Introduction to Quantum Dots

In 1969, Esaki and Tsu proposed to use a semiconductor superlattice based on a periodic structure of alternating layers of semiconductor materials with wide and narrow band gaps [1].

From then on, the research in quantum nanostructures is thriving.

The wave function of electrons is going to change when they are confined to dimensions comparable with their wavelength. Low threshold considerations dictate the transition from bulk to quantum well to quantum wire to quantum dot systems [2]. Figure 1.1 shows that confining electrons to small structures causes the continuous bulk bands to split up into discrete levels [3]. A quantum well is a potential well that confines electrons, which were originally free to move in three dimensions, to two dimensions, forcing them to occupy a planar region. The effects of quantum confinement take place when the quantum well thickness becomes comparable at the de Broglie wavelength of the carriers, leading to energy levels called energy subbands. For the quantum wire, the electrons in two dimensions are quantized and in one dimension electrons are free to move. And finally, confining electrons to three dimensions forms a quantum dot (QD).

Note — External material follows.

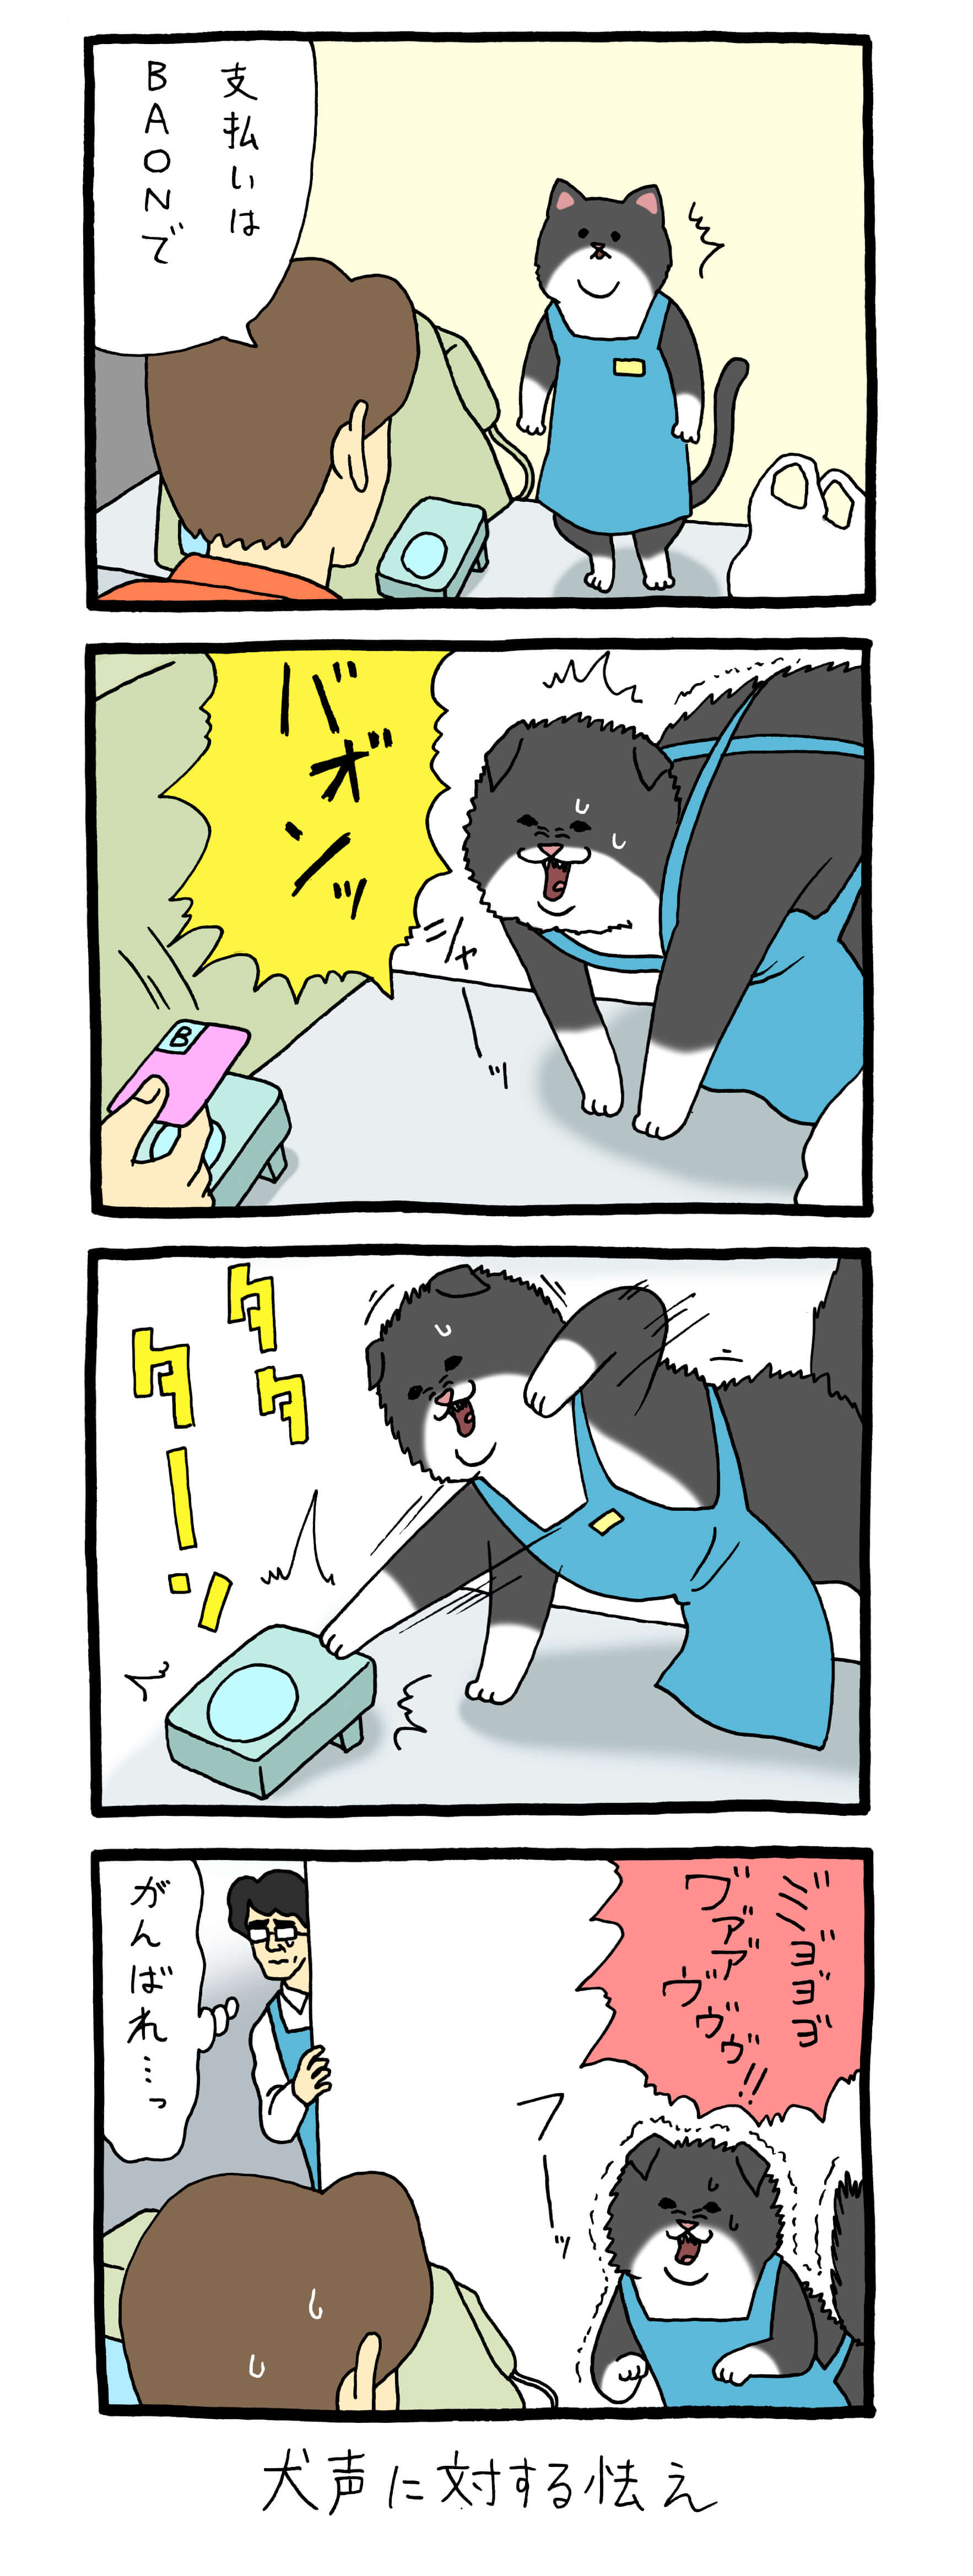 レジネコ 漫画 キューライス 4コマ ネコ 猫 フロム・エー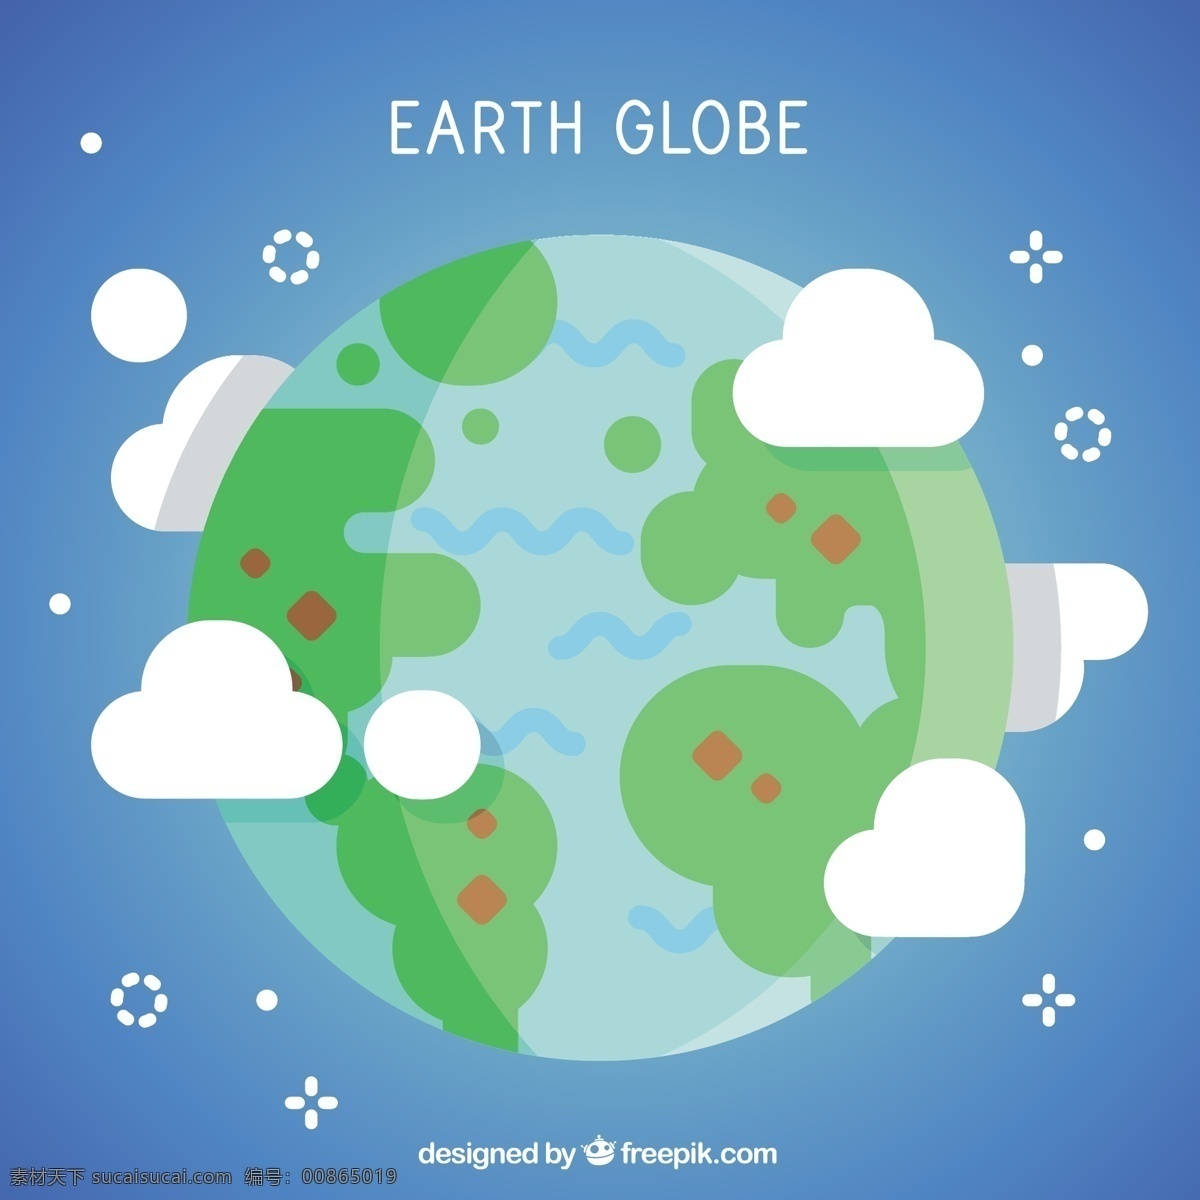 平面设计 中 地球 背景 地图 世界 世界地图 颜色 云彩 平坦 多彩的背景 行星 非洲 球体 欧洲 美国 世界地球仪 背景色 地球仪

Being quasi-zero-dimensional nanostructures, QDs have a discrete density of states and wave function properties. The confinement can be due to electrostatic potentials, the presence of an interface between different semiconductor materials, the presence of the semiconductor surface, or a combination of above. In contrast to atoms, the energy spectrum of a QD can be engineered by controlling the geometrical size, shape, and the strength of the confinement potential. Such dots are sometimes called "artificial atoms". In a crystal, the periodic atomic potential leads to band formation. But in a superlattice, an artificial, human-made periodical potential causes the formation of small bands. Thus, the utilization of QDs is one of the most promising technologies for applications in optoelectronic devices and lasers.

Figure 1.1 Semiconductor structures and corresponding electronic density of states near the edge of electronic bands. (a) Bulk, (b) quantum well, (c) quantum wire, and (d) quantum dot [3].

1.1.1. The Formation of Self-assembled Quantum Dots

In the equilibrium theory of heteroepitaxial growth, three growth modes are traditionally distinguished [4]:

(1) Frank-van der Merwe (FM mode):

If the sum of the epilayer surface energy and the interface energy is lower than the energy of the substrate surface, the FM mode occurs. It may be described as two-dimensional layer-by-layer growth.

(2) Volmer-Weber (VW mode):

If the sum of the epilayer surface energy and the interface energy is higher than the energy of the substrate surface, the VW mode occurs. It may be described as three-dimensional island growth.

(3) Stranski-Krastanow (SK mode):

For a strained epilayer with small interface energy, the deposited layer initially grows

strain energy in the deposited layer increases. This layer can lower its energy by forming three-dimensional isolated islands in order to release the strain. The SK growth mode leads to a two-dimensional wetting layer with three-dimensional islands on top.

These growth modes are deduced from equilibrium considerations of the energy balance between the surface energy and the interface energy for lattice-matched systems. However, for heteroepitaxial growth of highly strained structures, the elastic strain energy associated with epitaxial lattice mismatch must be considered.

The SK growth mode is favorable for a layer with a lattice constant that differs considerably from that of the substrate, because the islands allow a relaxation of the strain energy. It also prefers to less differences between the epilayer surface energy and the substrate surface energy [5]. The SK growth mode may occur in systems where the formation of a two-dimensional wetting layer is favorable during the deposition of the first few monolayers (ML) of the film [6]. With the increasing layer thickness, the strain energy of two-dimensional wetting layer increases. Above the critical thickness, the onset of three-dimensional island formation on the substrate occurs, mainly because an island offers the possibility of relaxation of elastic strain at its free surface [7]. As a result of formation of such structures in nanometer size, what is called QDs, carriers in inlands are confined in three dimensions, as shown in Figures 1.2 and 1.3.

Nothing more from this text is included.